One thing to note the car can not power down all systems unless the car is locked. It is possible the current draw is down to systems that have not yet gone to sleep. So place the meter in the boot so you can see it through a window and close all doors and lock the car. monitor the meter and it should drop indicating all systems now are asleep. Note it will not drop to zero as some items are still live like the clock and alarm so less than 0.5A.

Repeat the test with the alternator connected then again with the other CCCU.

Standard Audi audio equipment or aftermarket?

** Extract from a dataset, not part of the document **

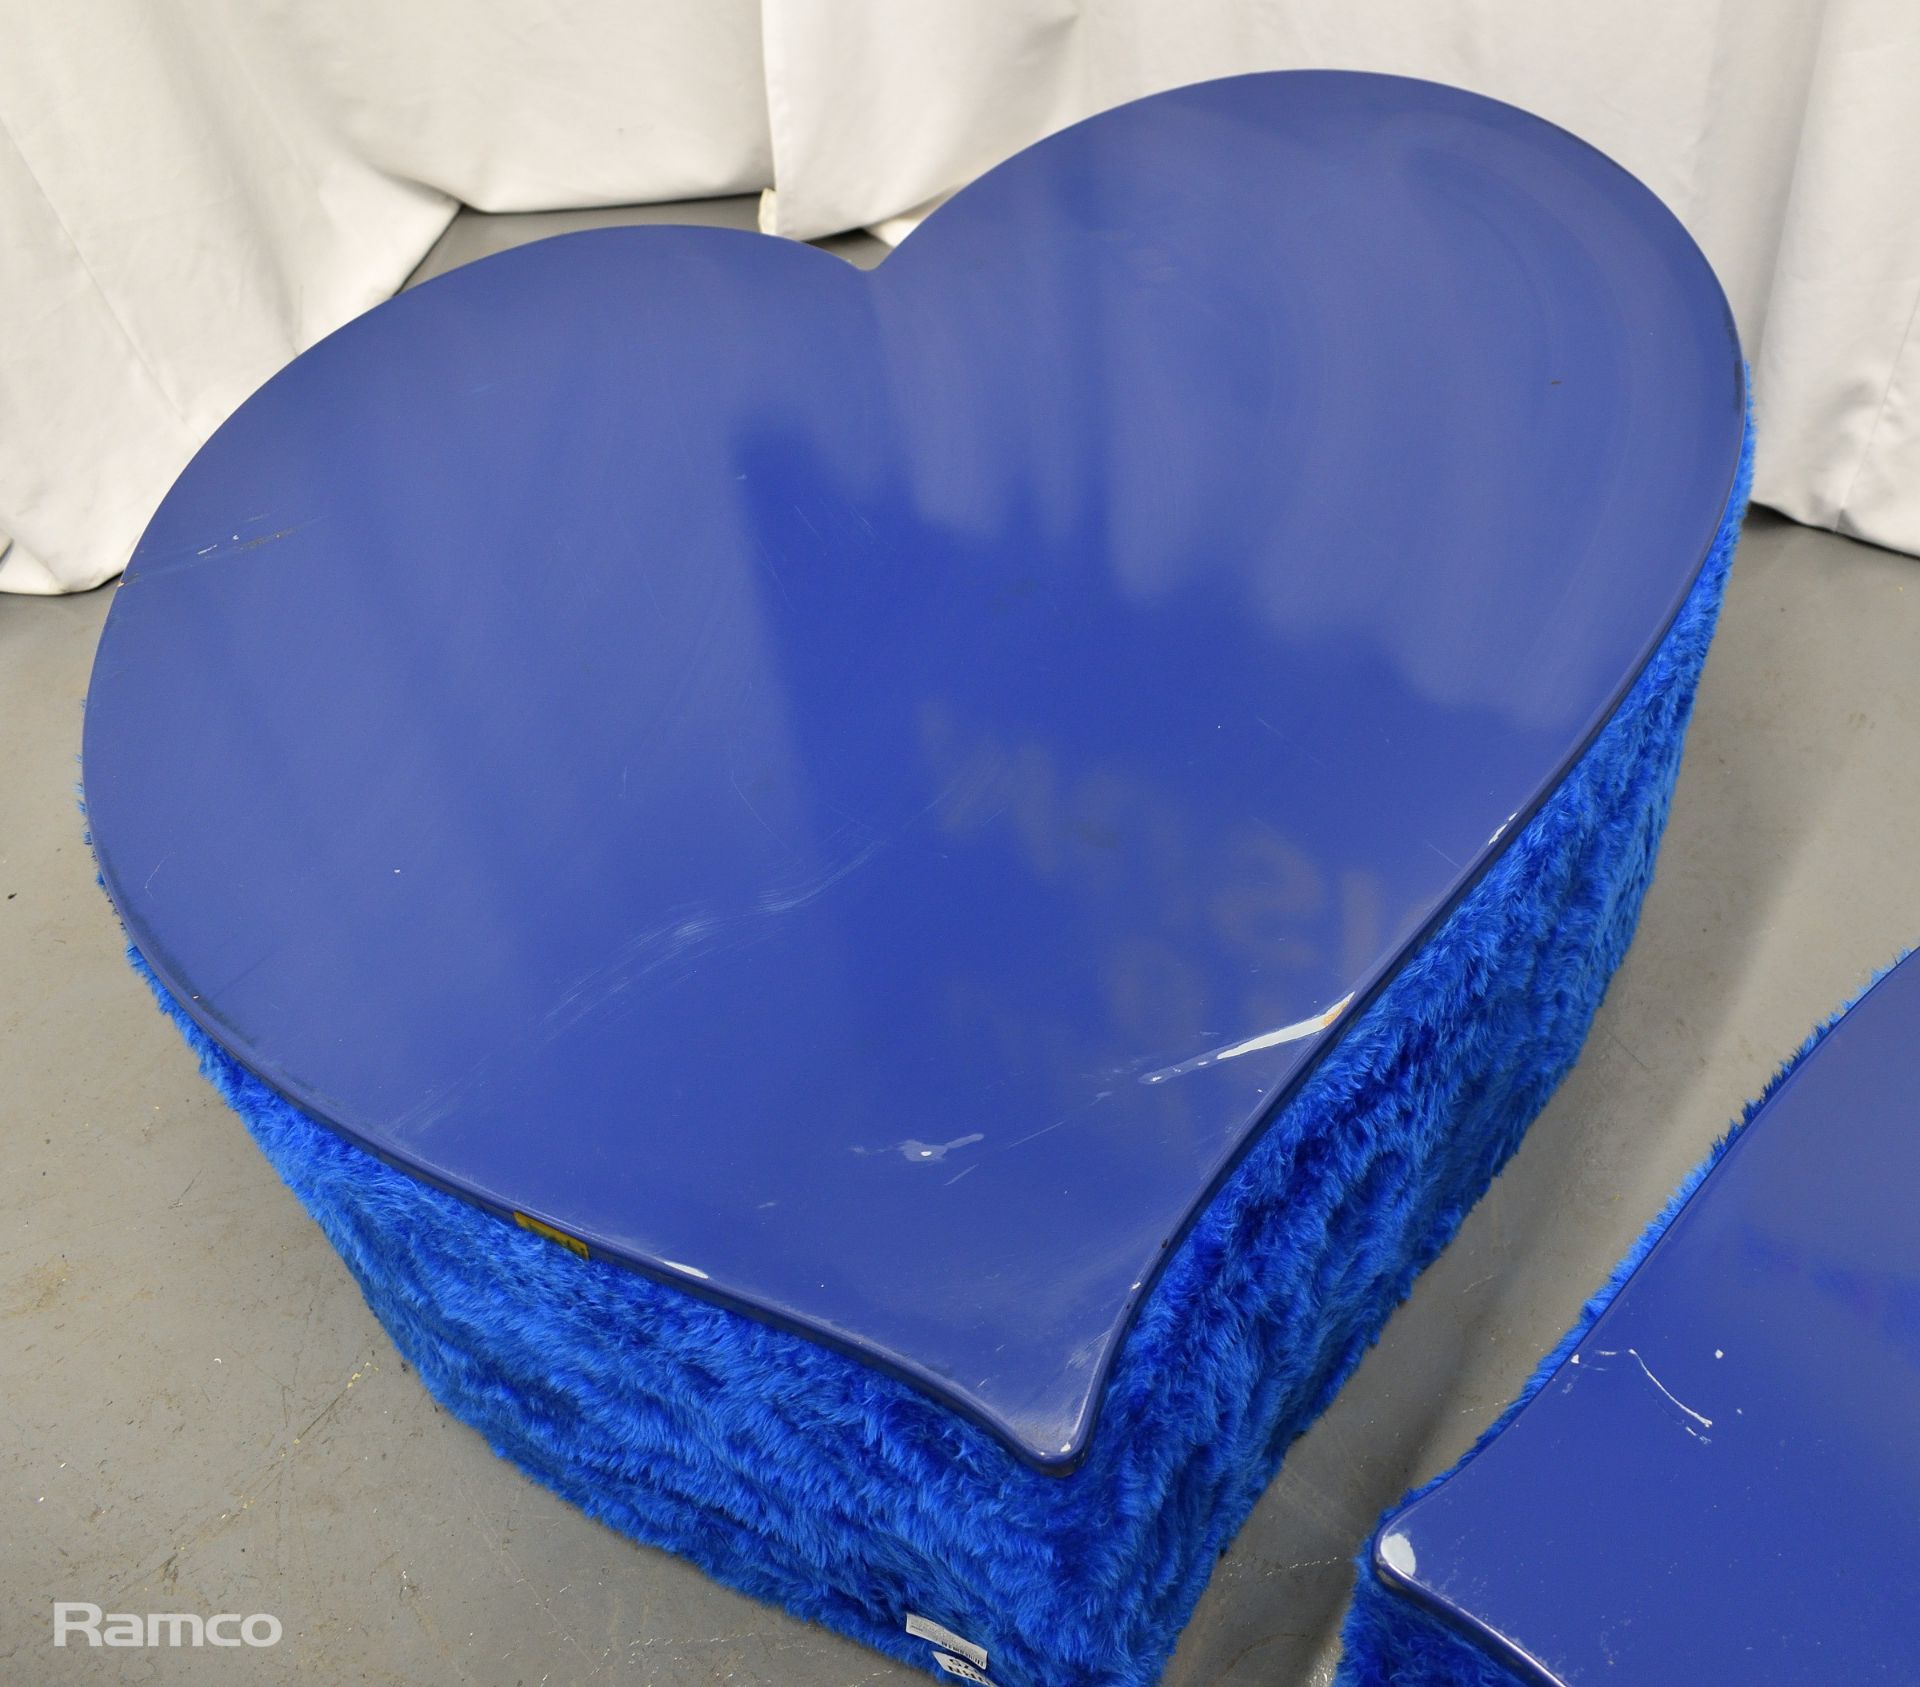 4x Asymmetrical heart shaped blue fur-covered wooden tables from countries' seating area - Image 7 of 18
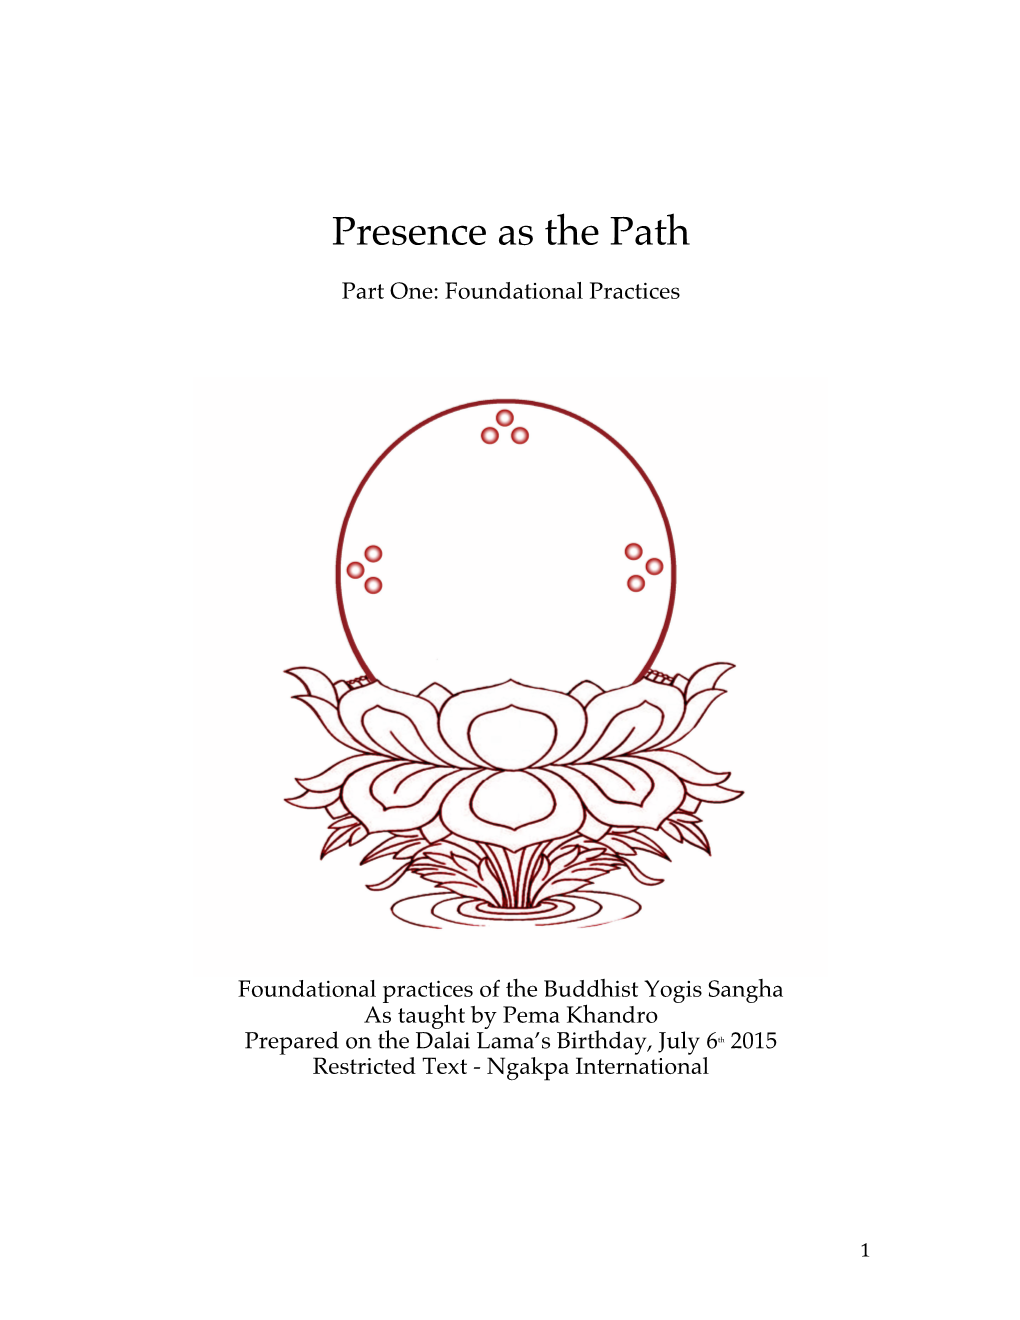 Presence As the Path

The lack of communications does hint at further issues.
 
Hmmmmm

One thing to note the car can not power down all systems unless the car is locked. It is possible the current draw is down to systems that have not yet gone to sleep. So place the meter in the boot so you can see it through a window and close all doors and lock the car. monitor the meter and it should drop indicating all systems now are asleep. Note it will not drop to zero as some items are still live like the clock and alarm so less than 0.5A.

Repeat the test with the alternator connected then again with the other CCCU.

Standard Audi audio equipment or aftermarket?

The lack of communications does hint at further issues.
I tried that, but it seems there’s not enough power with the loop through the tester to allow the central locking to lock? I suppose if there’s already a 5 amp draw that the extra required to lock it too much for it to deal with?
I suppose I could get in the boot, connect the battery, lock myself in then disconnect the battery and connect the meter again? Hope the neighbours aren’t watching! Lol.
 
Not sure if this will work but...

Sit in the car with the meter connected and visible, lock the car using the switch on the drivers door ( hopefully will work ) open the drivers door only and get out, now lock the drivers door using the key and watch the meter.